Vague scope. "A website with a few pages" is not a scope. A scope is a list of every page, every form, every integration, every interactive feature, by name. If it is not on the list, it is not in the project. Change the scope mid-build, and you either pay for the change or lose something else. Hidden integrations. "Oh, and we also use this scheduling tool, it should just plug in, right?" No. It probably will not "just plug in." Every third-party tool has its own API, its own quirks, its own limits. Surface every integration on day one. No decision maker. If three cofounders all have opinions and no one has final authority, the project dies in committee. Pick one person to own the decisions. Everyone else gives input, but the owner signs off. Moving goalposts. "Can we also add a blog?" "Can we also add a members area?" "Can we also add multi-language support?" These are not small additions. They are entire features. Each one extends the timeline and the budget. A good developer will push back. Let them. Reviewing at the end instead of along the way. If you see the site for the first time at launch, it is too late to change anything without starting over. Ask for checkpoints every one to two weeks. Review them seriously. Give feedback in writing. Ghosting the developer. They send content requests and you do not respond. They send a draft and it sits in your inbox for three weeks. The project does not pause gracefully when you go silent. It breaks.

A simple brief template you can copy

Paste this into a doc, fill it in, and hand it to any developer or agency you are considering.
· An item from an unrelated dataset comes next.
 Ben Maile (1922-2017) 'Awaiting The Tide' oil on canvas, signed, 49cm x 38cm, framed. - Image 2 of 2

Business summary What your business does, who pays you, and how. Primary goal for the website The single most important thing this site needs to do. Secondary goals Other actions that matter, in order of priority. Target users Describe two or three specific people who will use the site. Pages required List every page by name. Features required List every interactive element (forms, booking, search, login, etc). Integrations required List every third-party tool by name. Content status Who is writing and sourcing images, and when will it be ready. Design references Five sites you like, one sentence each on why. Design anti-references Three sites you dislike, one sentence each on why. Timeline Target launch date and the reason behind it. Budget Your range. Be honest. Decision maker One name. One email. One phone number. Current site (if any) URL and what is wrong with it. Anything else a developer should know Compliance requirements, accessibility standards, multi-language needs, known constraints.

What changes when you brief well

A good brief does not guarantee a good project. It does three things that give you a fighting chance.
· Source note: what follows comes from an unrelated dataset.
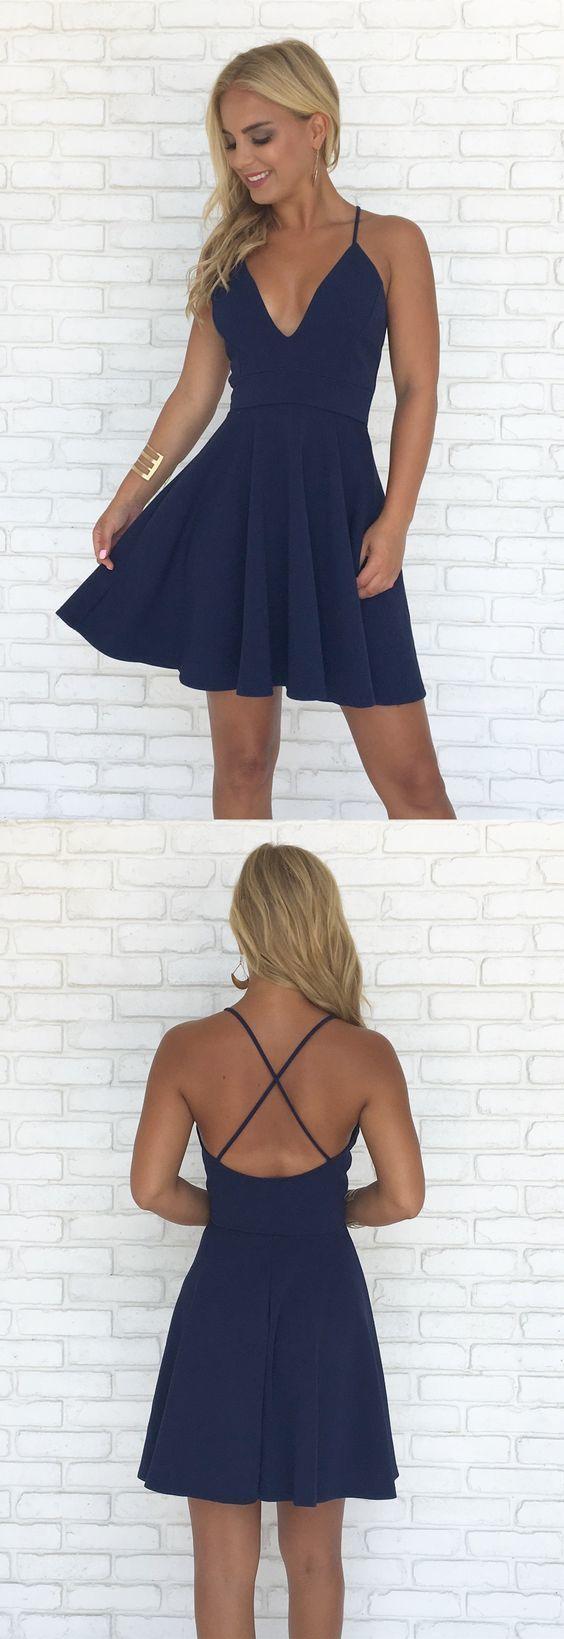 Short prom dress aline homecoming dress v neck party dress navy

It filters out bad developers. Anyone who skims your brief and comes back with a generic proposal is telling you they do not read carefully. Pass.
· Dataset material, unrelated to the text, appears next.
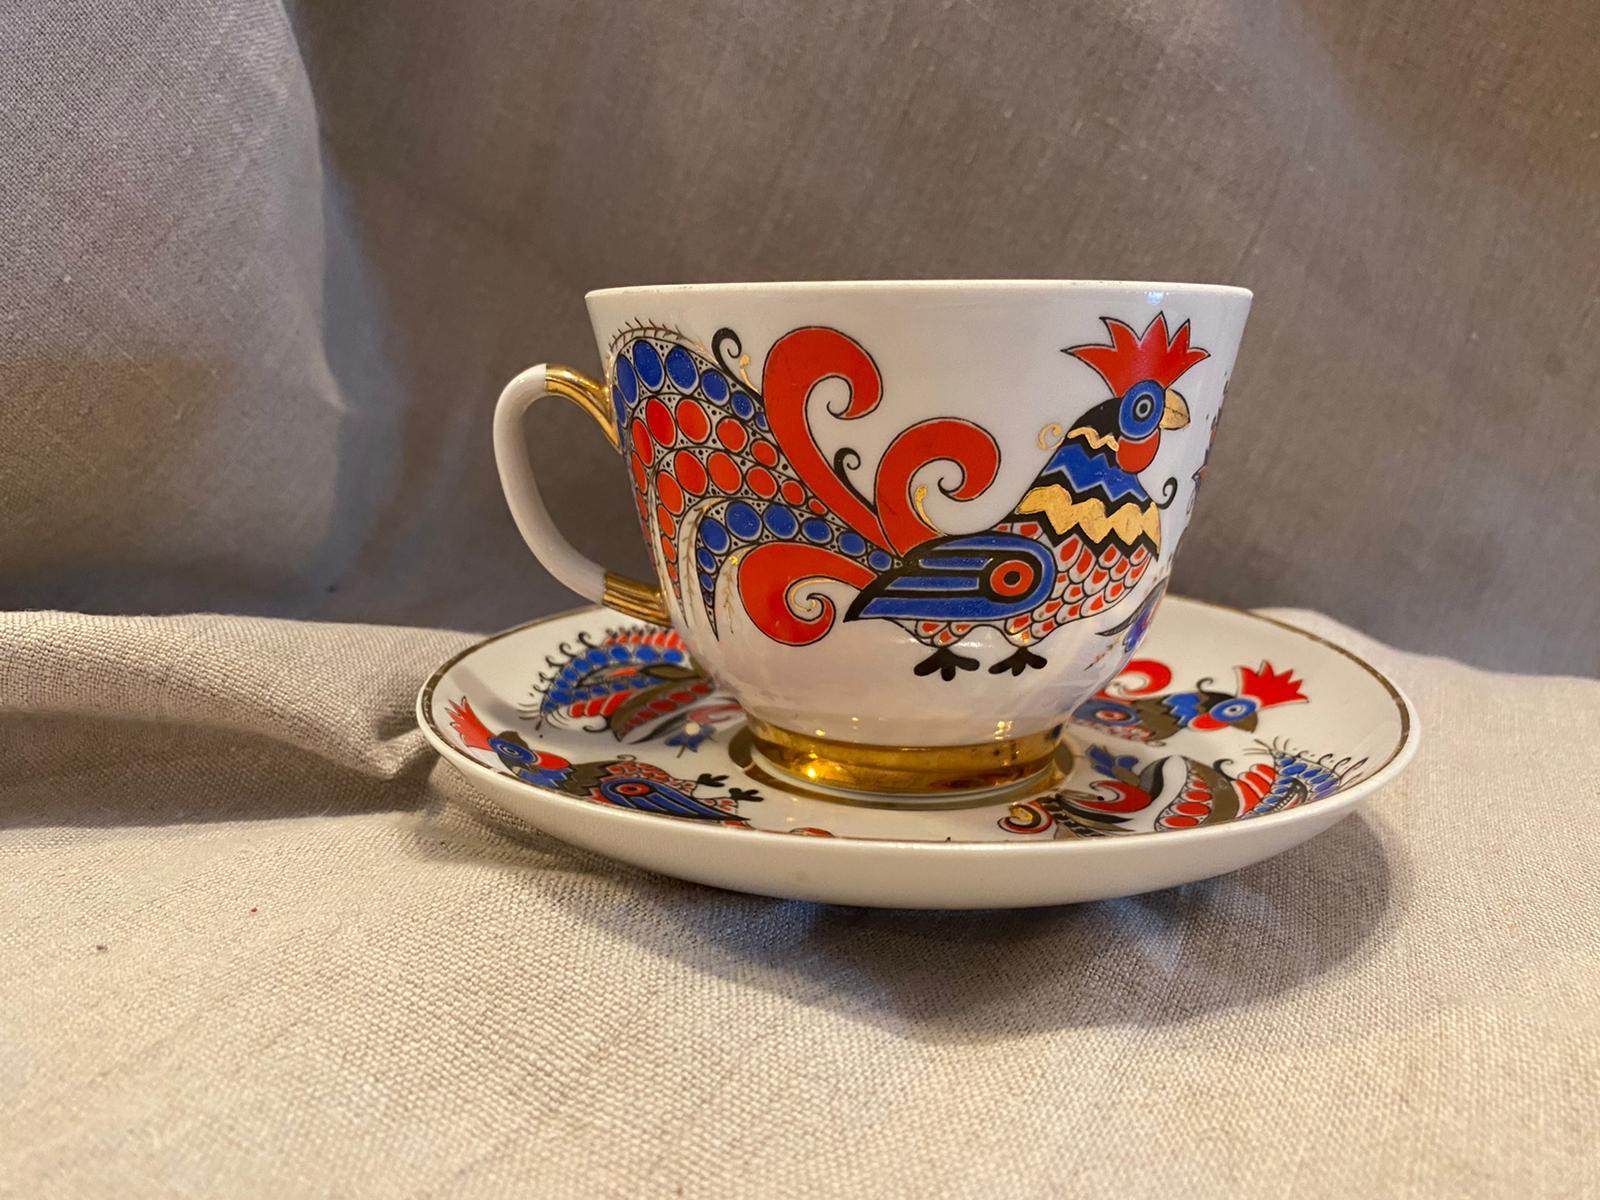 Rooster fine porcelain tea cup

It lets good developers price accurately. The proposal you get back reflects your actual project, not an average of every project they have ever quoted.

It gives you a reference point when things get confusing mid-build. If a request falls outside the brief, everyone knows. If it falls inside, everyone knows that too. Arguments get shorter. Decisions get faster.

You are not being asked to become technical. You are being asked to be specific about your own business. That is the one part of the project only you can do. Get that right, and the rest is the developer's problem to solve.